▶ _INFORMATION SUPPLIED_
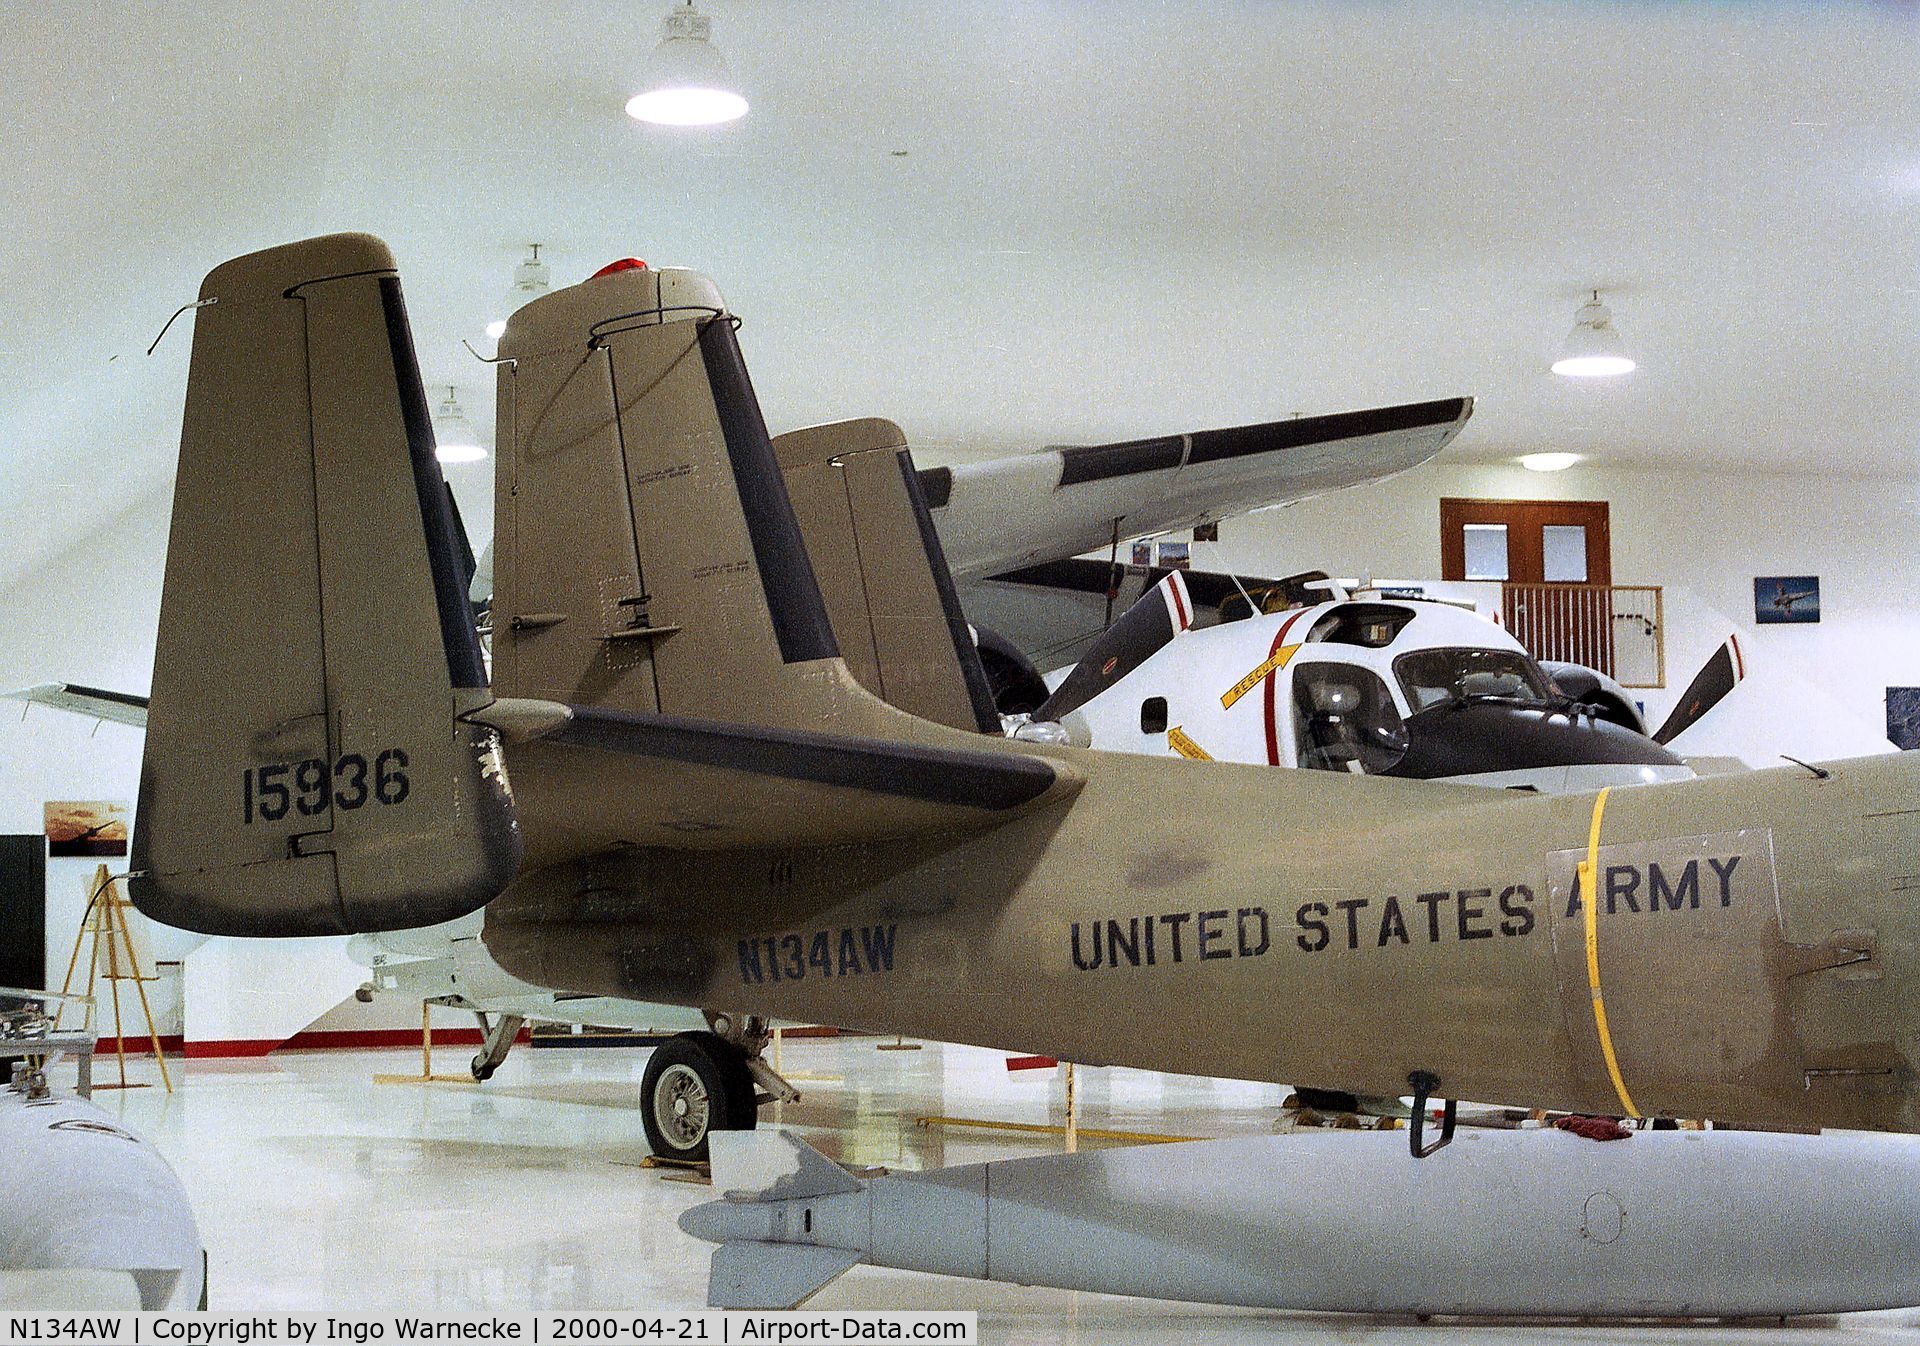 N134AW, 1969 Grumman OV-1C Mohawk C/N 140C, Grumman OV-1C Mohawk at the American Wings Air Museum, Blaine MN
* * *
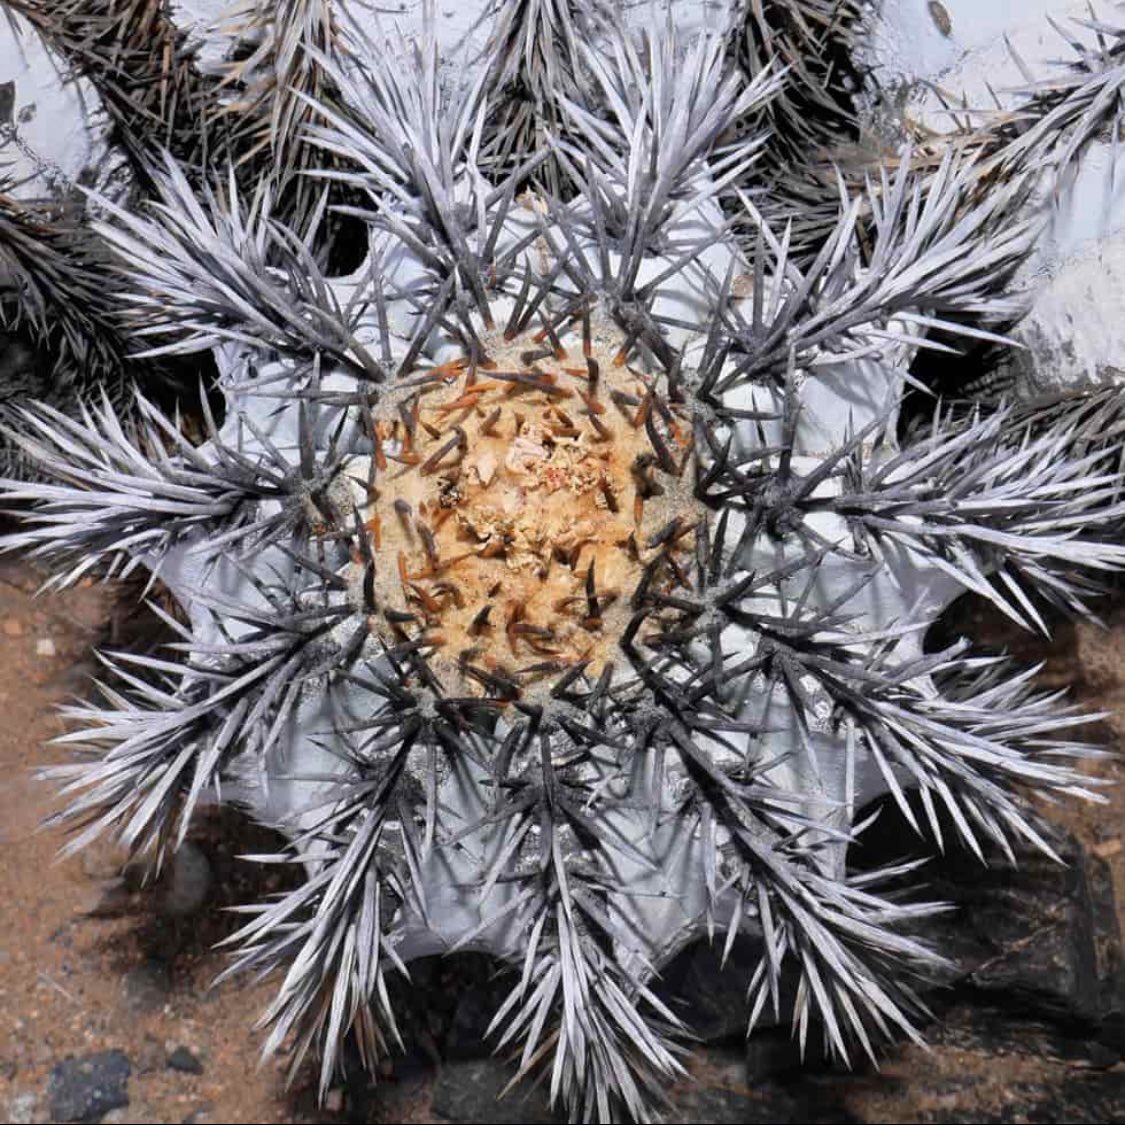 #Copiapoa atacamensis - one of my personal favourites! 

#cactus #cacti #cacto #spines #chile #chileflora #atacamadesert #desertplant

▶ _WORK TO COMPLETE_
Return exactly the stretch above whose first line contains "#Copiapoa atacamensis - one" and whose last line contains "#cactus #cacti #cacto", and nothing outside it. The pictures should not appear.

▶ _THE COMPLETED TASK_
 #Copiapoa atacamensis - one of my personal favourites! 

#cactus #cacti #cacto #spines #chile #chileflora #atacamadesert #desertplant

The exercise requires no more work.